Monday, October 7, 2013

Would You Take This Advice?


By Rev. Robin Gray
Minister, Unitarian Universalist Church of Tallahassee


There is some advice that’s worth a second look, perhaps only to become more thoroughly confused by the original intent of the advice giver, or by the advice itself.

Sleep tight. Don’t let the bed bugs bite. Well, if this isn’t a mixed message, I don’t know what is. How is a child supposed to sleep after being tucked in with that opposition of phrases? Not only does she have to work at outsmarting the monsters hiding beneath the bed skirts, and the monster that lives in the closet, she has to worry about unseen threats that live somewhere in the mattress.

Now, I knew from a very early age that I could escape the monsters of the darkest places in my room by tucking the sheets firmly in place and never, ever letting my legs or arms stray over the side of the bed. But, once I was wound up into the bedclothes, I had to start worrying about ways to stop bed bugs from biting. I could conjure up images of the monsters I feared, but, I wasn’t at all sure what a bed bug looked like, or what its habits were. Did it only bite at night? Did it dine on children? Would sleeping ward them off, or egg them on? With all those questions animating my overactive worry-center, I’m amazed I got any sleep at all before the age of 24.

For those who want to know the entire ditty, it goes something like this:  “Good night, sleep tight. Don’t let the bed bugs bite. Wake up bright In the morning light to do what’s right with all your might.” 


Look before you leap. This advice, offered by the same woman who asked me — more than once — “If your best friend jumped off the Empire State Building, would you do it, too?” implies that there is a time for leaping. I guess it’s just not when your friends are leaping. I’m not sure why one would give any child even tacit advice to leap. Leaping is not something children need to be told to do, they seem to have the idea of jumping off dangerous precipices down pat. Looking is, I suppose, a bit of cautionary advice designed to make the potential jumper pause and consider the wisdom of this particular step into nothingness. However, if your best friend is already down there yelling, “Come on, you can do it!” rare is the child who will stop to look for the nearest set of stairs.

Let tomorrow take care of itself.
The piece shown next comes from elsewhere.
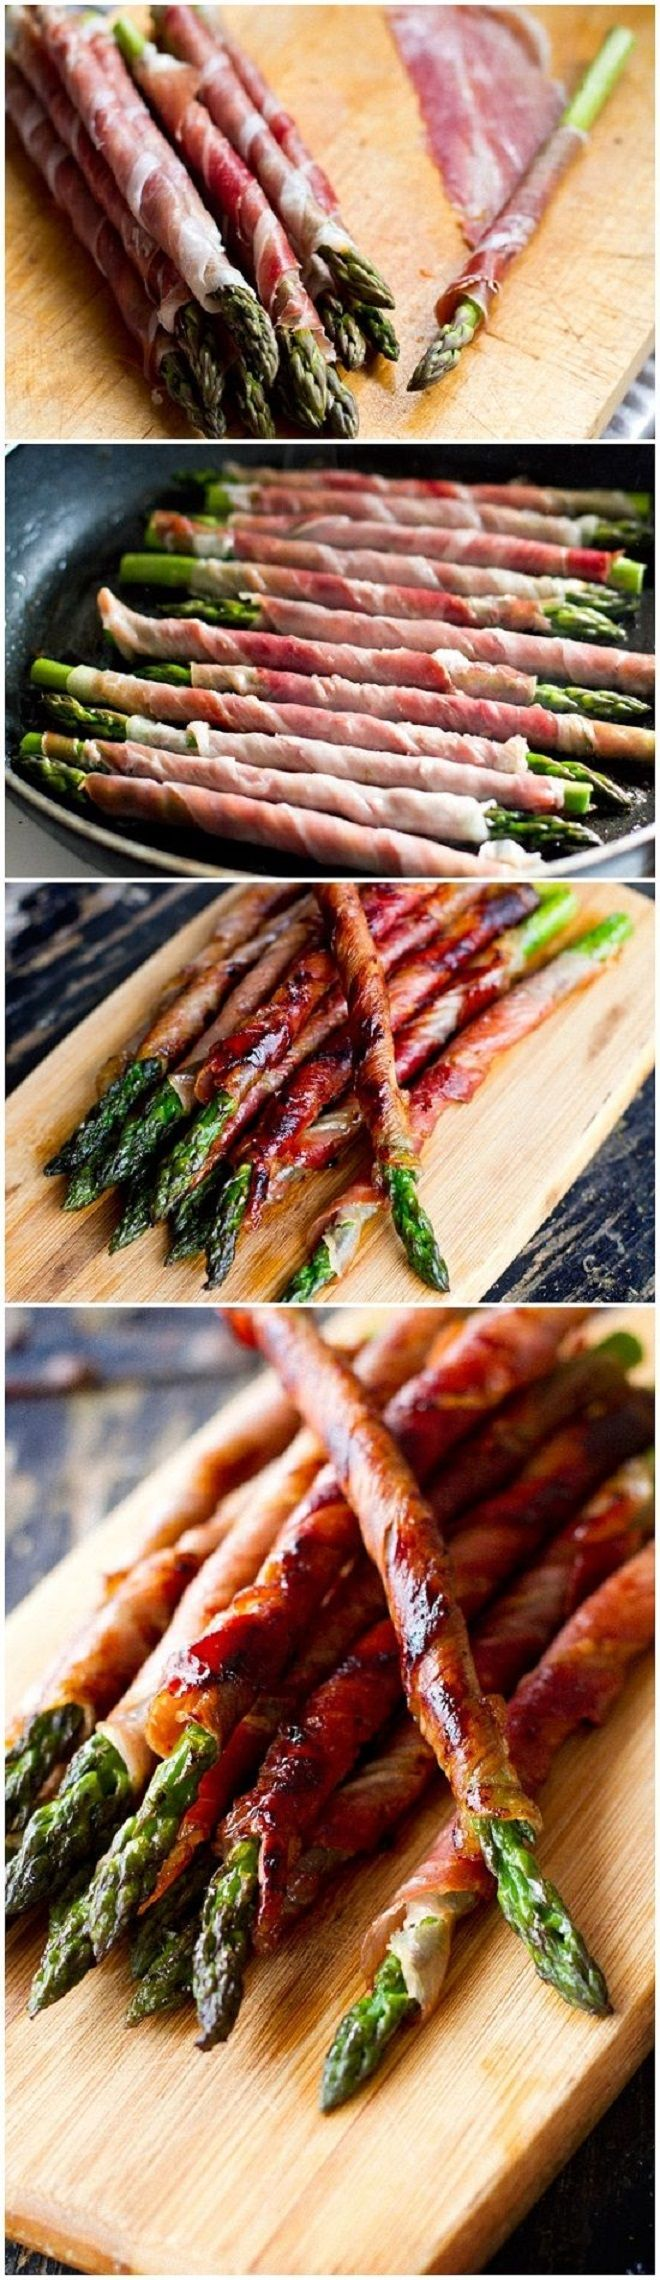 Prosciutto Wrapped Asparagus.. Crispier than bacon. Cut asparagus into thirds to make a canapé version. More

I know this excellent advice that offers an exit from the endless round of worrying. It’s a Buddhist kind of advice, and it might help many people to let go of the need to control the future. But...on the other hand...I’ve had over 50 years of waking up tomorrow, and not once has tomorrow actually taken care of itself. I still need to show up, play my best game, and be present in the today that tomorrow has become. I think it might be more to the point to say, “Do today what needs to be done today.”

Work hard and you’ll get ahead. I know plenty of people who work hard never seem to get ahead. At another glance, I can’t help but wonder all sorts of things when I hear this advice. For instance: Who is it we are supposed to get ahead of? If we ‘get ahead’ does that mean that somebody else will get left behind? If I work hard and get ahead of my boss and become her boss, did I do something good along the way, or did I get ahead just because it had to be done? Is there an intrinsic value in ‘getting ahead’ or should work be tied to a moral or ethical imperative?

As I look back, I can see that sound bites that ignore the heart of the matter were invented long before their supposed appearance in a June 1980 Washington Post admonition to journalists: “Remember that any editor watching needs a concise, 30-second sound bite. Anything more than that, you’re losing them.”

The 30-second philosophers have been hard at work for generations reducing the complex into simple, easy to repeat phrases that may be meaningless or even negative. With that, I can only say, “Good night. Sleep tight. Beware of every sound bite.